Jak bylam w Stanach to tam popularne byly chusteczki zapachowe co jednoczesnie zapobiegac mialy elektryzowaniu. Mozna wlozyc do suszarki jakas wilgotna chusteczke czy pieluche skropiona ulubionym olejkiem eterycznym. Powinno pomoc.
@PaniWiosna trzeba popróbować , ja tylko miałam takie jadalne krople, eksperyment. Nie wiem jak z trwałością, może inne by były milsze - np. jakieś kwiatowe olejki.
Oł. U nas bezzapaszkowe ciuszki wychodzą - no, jak dam dużo płynu, to czuć płynem, ale ja za tym nie przepadam, więc daję tyle, żeby niczym nie pachniały.
Może mam za wysoko postawione wymagania. Co zrobię, że lubię rzeczy pachnące świeżością, wiatrem, przestrzenią, słońcem. Wszystko, co suszone w pomieszczeniu wydaje mi się nieatrakcyjne zapachowo.

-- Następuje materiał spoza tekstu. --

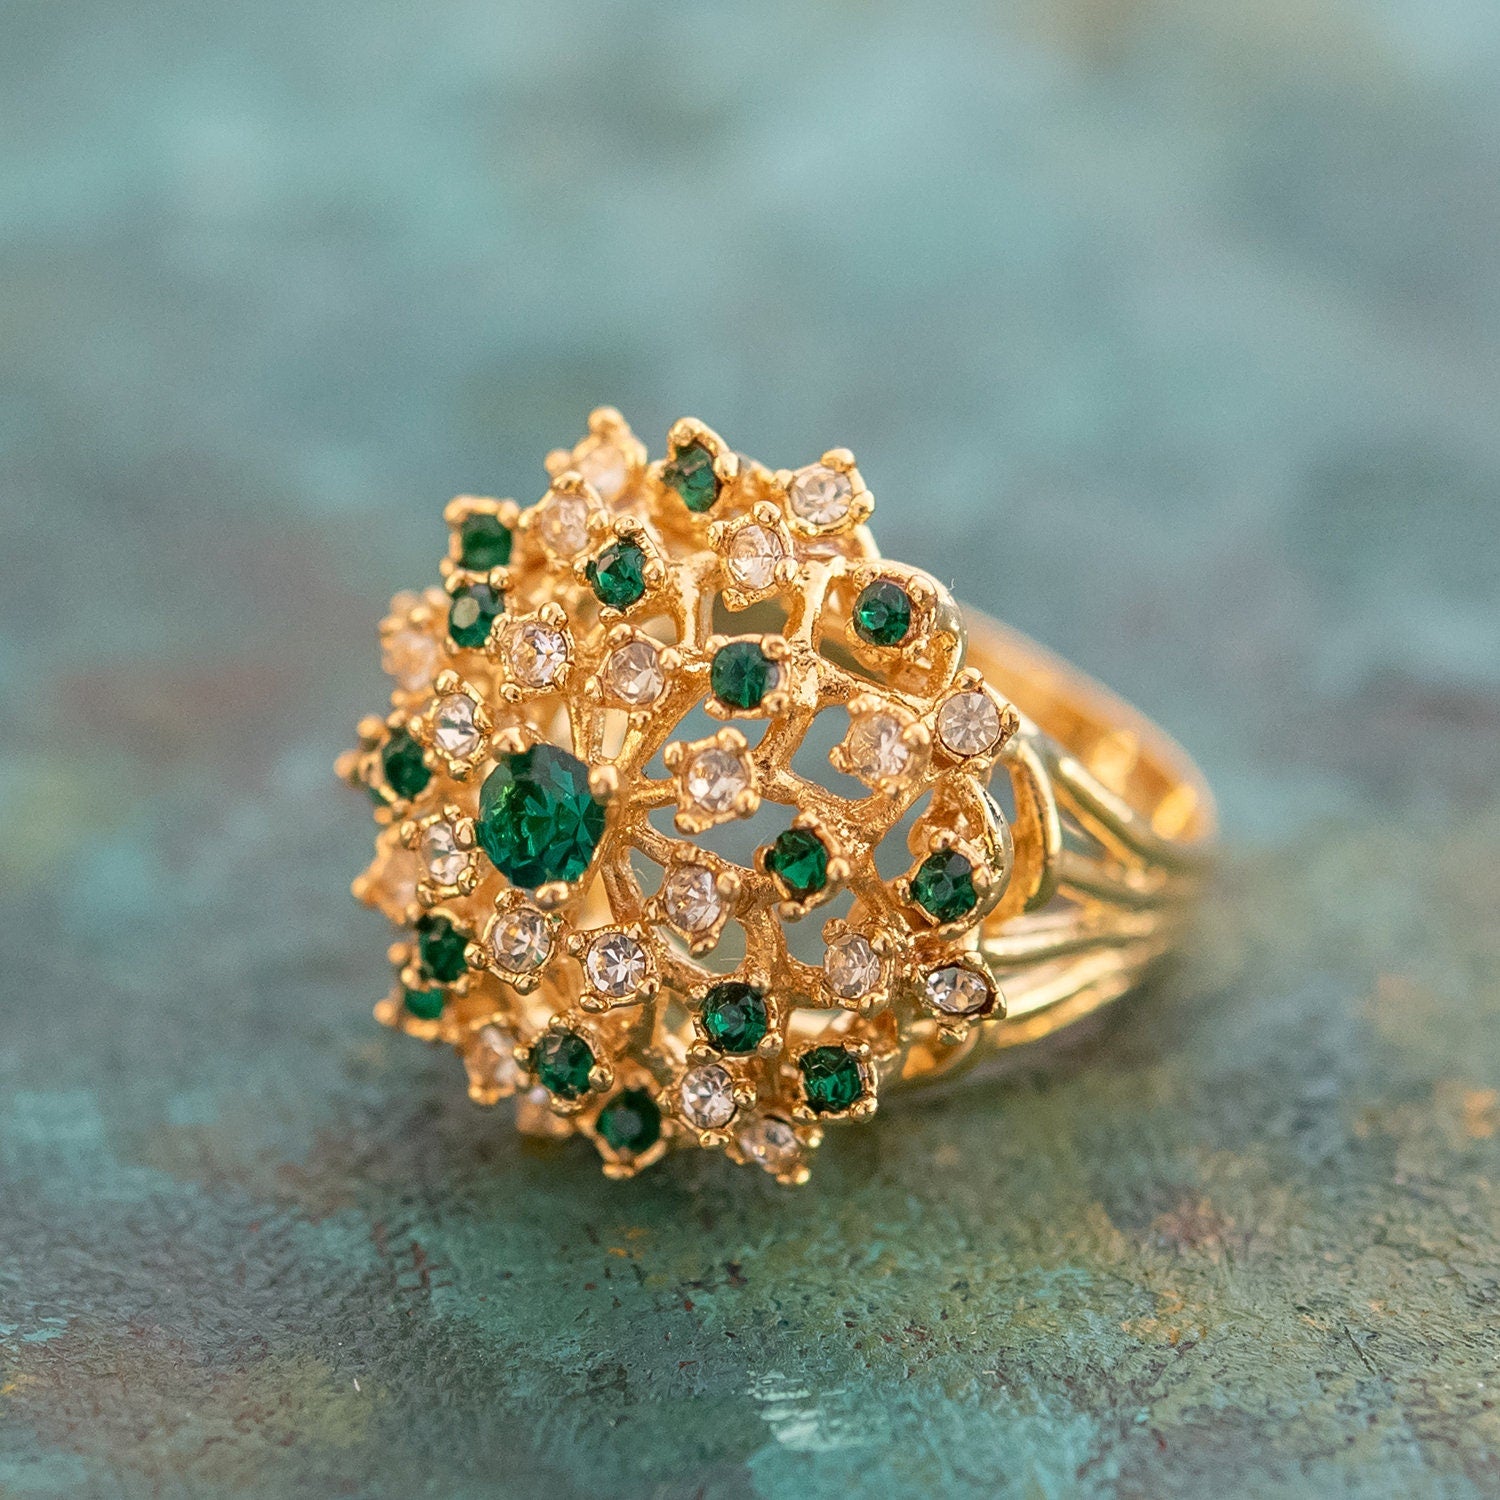 Vintage Ring Emerald and Clear Swarovski Crystal Burst Ring 18k Gold R195 Antique Womans Jewelry - Limited Stock - Never Worn
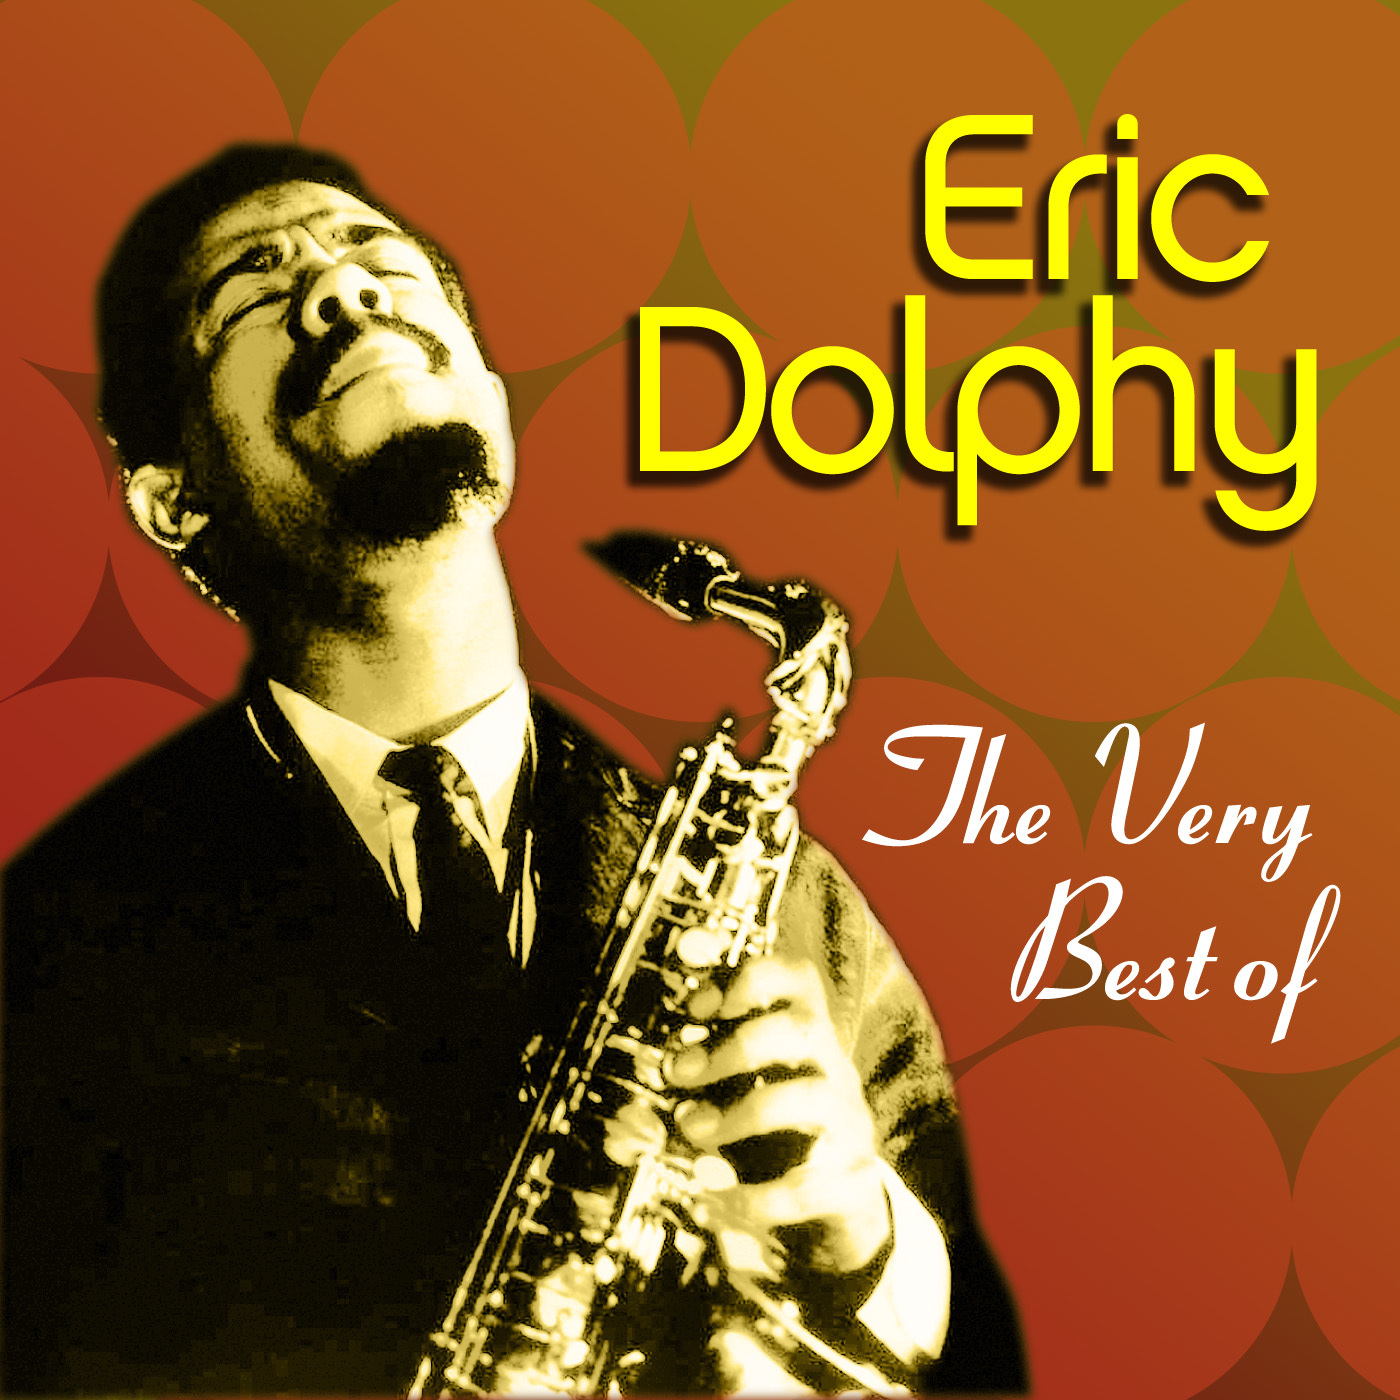 The Very Best of Eric Dolphy

Jak się nie ma co się lubi to się lubi co się ma. Mieszkam w bloku z balkonem a nawet dwoma ale dopóki nie miałam suszarki elektrycznej to trzeba było rozwieszać w mieszkaniu. Wygląda to źle i tyle. Uważam, że do bloku jest suszarka tak samo potrzebna jak np. winda. Jak jest pogoda to nikt nie zabroni powiesić na balkonie, tylko że w to lato za wyjątkiem silnych upałów na początku sierpnia, to mało było dni całkiem bezdeszczowych.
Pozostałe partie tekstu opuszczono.